# PROBLEM TO WORK ON:
Pictures aside, repeat the listing below exactly.

# DATA TO PROCESS:
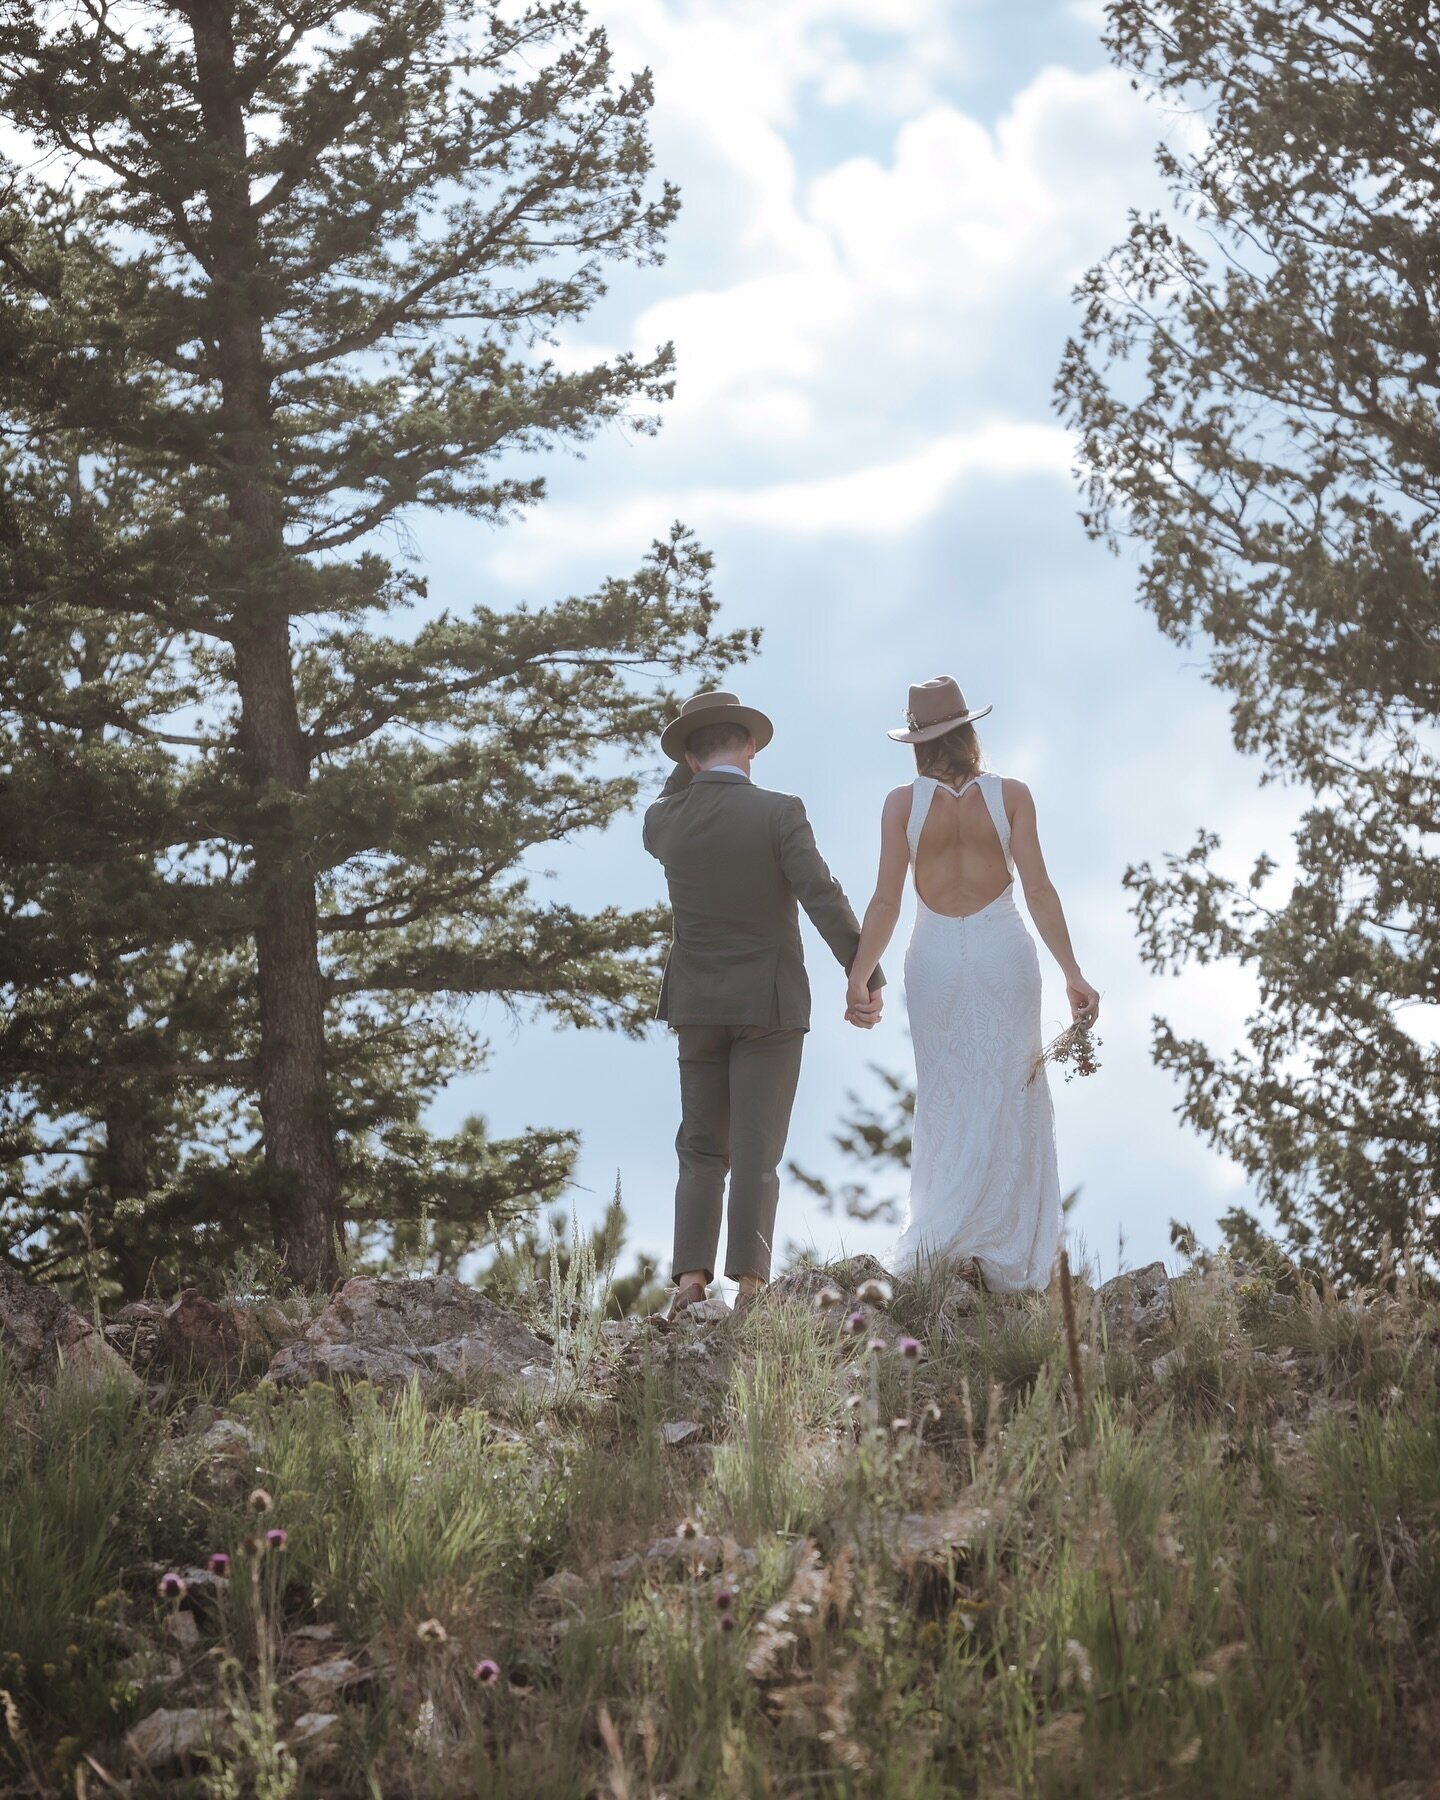 Always take a moment to take in the beauty around you on your wedding day! 
.
.
.
Photo @antlerrunphotography 
Venue- @coloradomountainranch 
Catering- @aspiceoflifecatering 
.
.
.
.

#weddingparty #weddinggoals #weddingvibes #weddingday #weddingphot
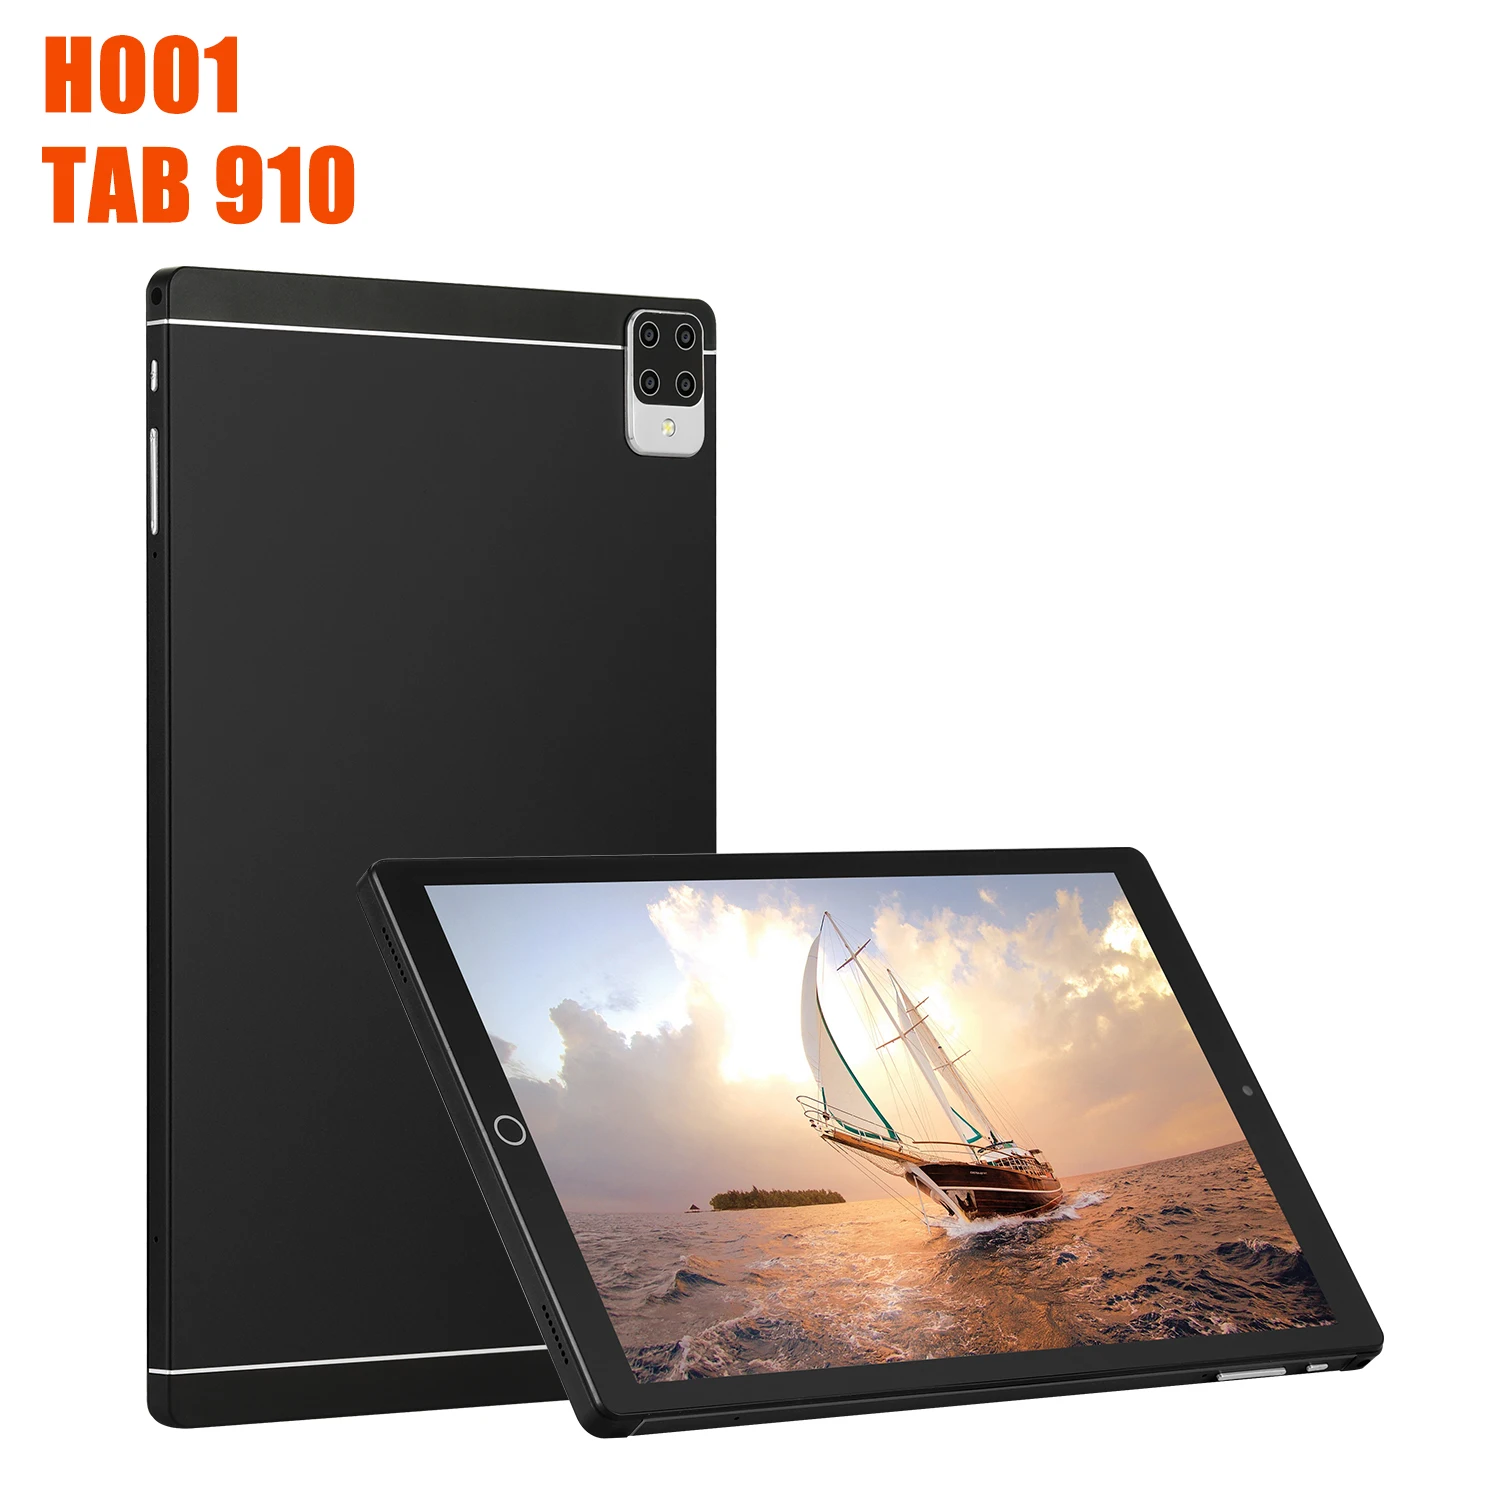 most popular tablet brands Cheap Notebook Google Play WIFI Android Tablet WPS Office 10 Inch Tablet 16MP+32MP Camera Laptop GPS Android10.0 TAB910 Pad Pro cheap note taking tablet Tablets
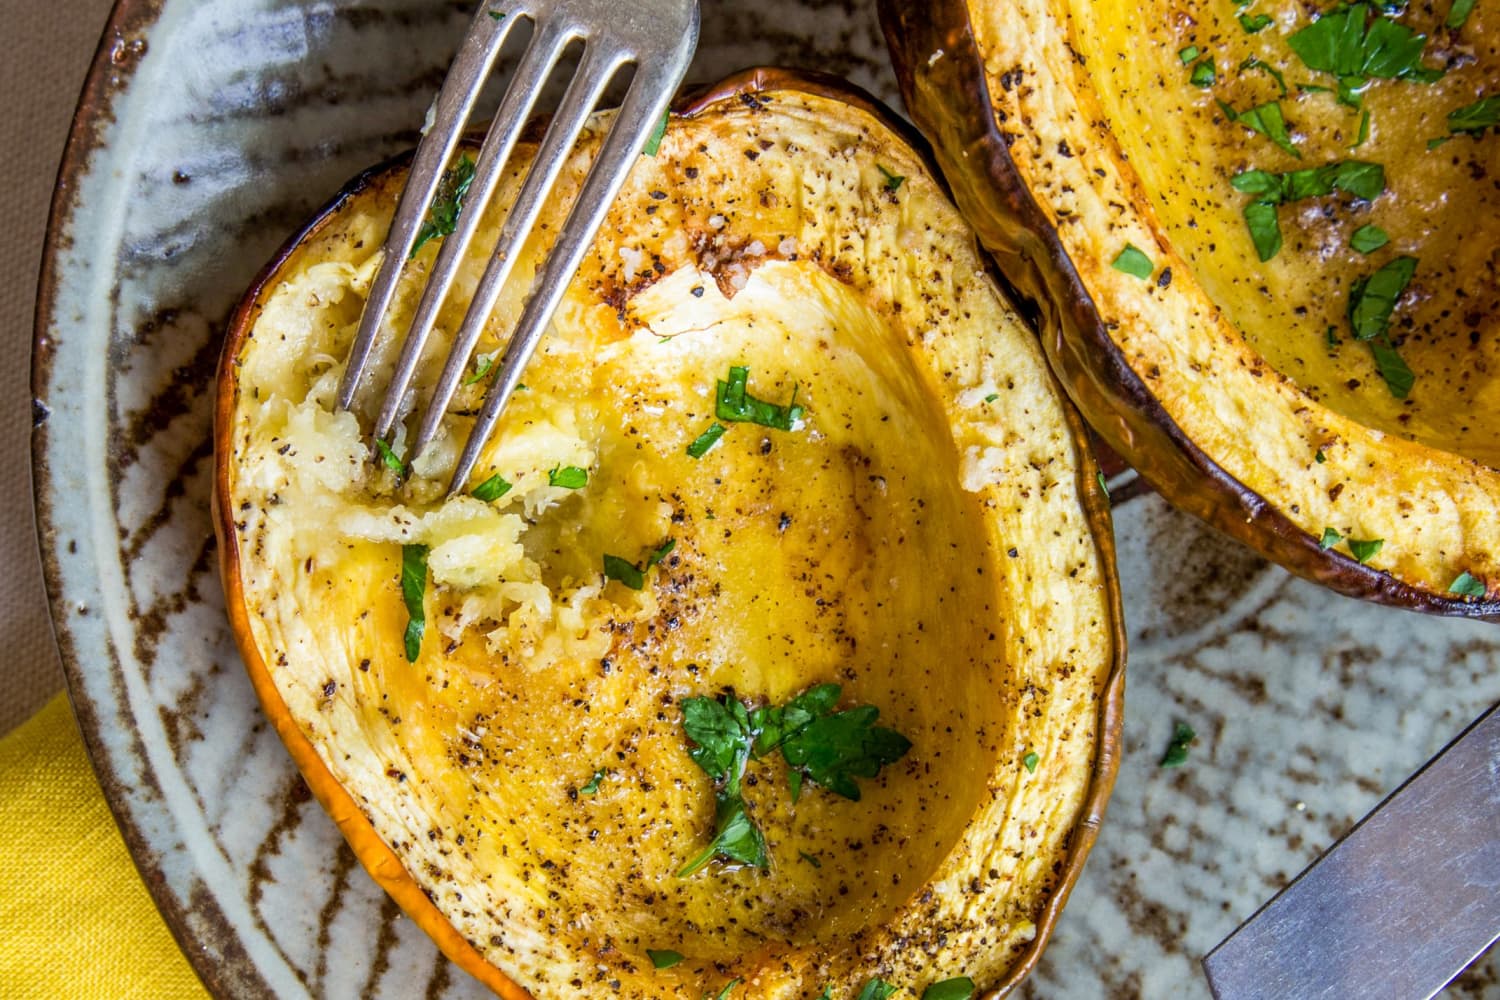 How To Cook Acorn Squash: The Easiest, Simplest Method
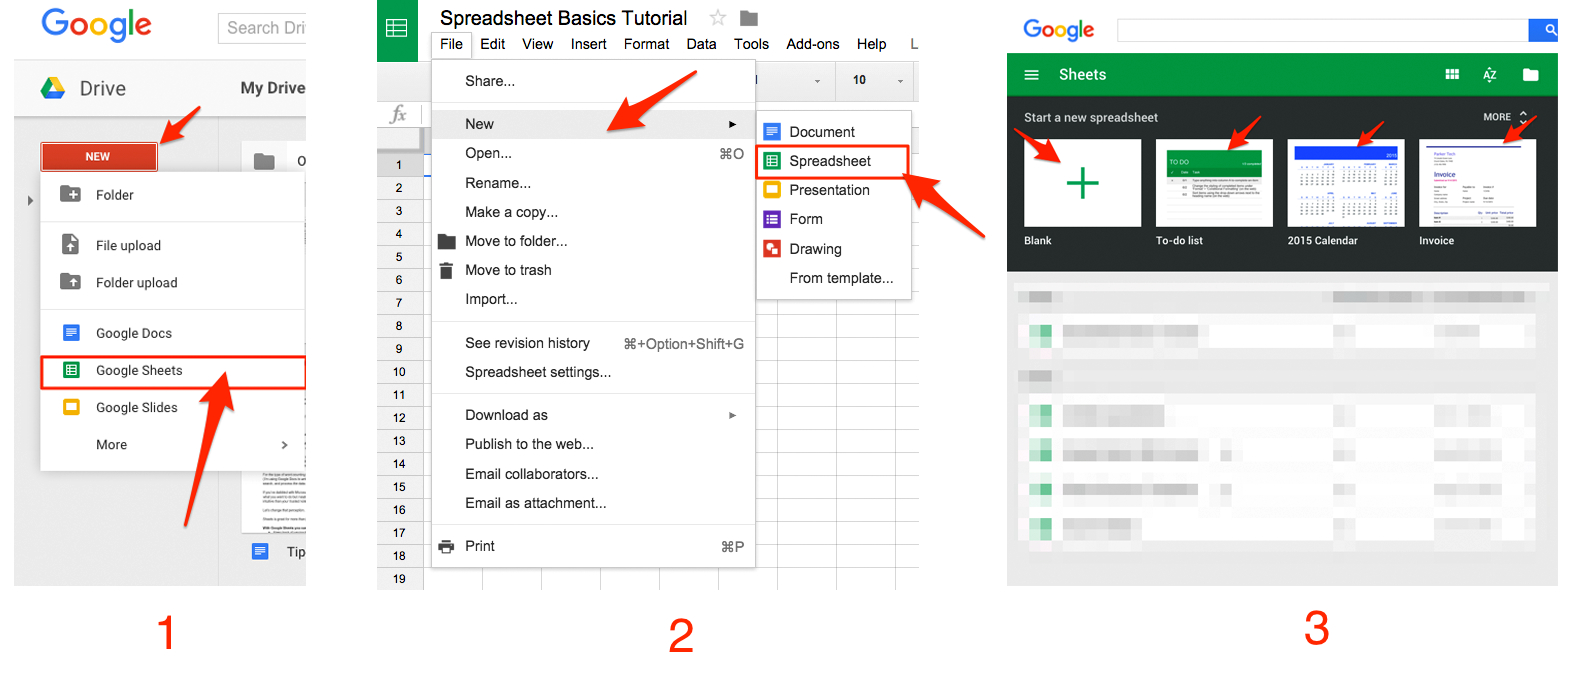 How To Make A Spreadsheet On Ipad Regarding Google Sheets 101: The Beginner's Guide To Online Spreadsheets  The

# ANSWER BOX:
 Always take a moment to take in the beauty around you on your wedding day! 
.
.
.
Photo @antlerrunphotography 
Venue- @coloradomountainranch 
Catering- @aspiceoflifecatering 
.
.
.
.

#weddingparty #weddinggoals #weddingvibes #weddingday #weddingphot
 most popular tablet brands Cheap Notebook Google Play WIFI Android Tablet WPS Office 10 Inch Tablet 16MP+32MP Camera Laptop GPS Android10.0 TAB910 Pad Pro cheap note taking tablet Tablets
 How To Cook Acorn Squash: The Easiest, Simplest Method
 How To Make A Spreadsheet On Ipad Regarding Google Sheets 101: The Beginner's Guide To Online Spreadsheets  The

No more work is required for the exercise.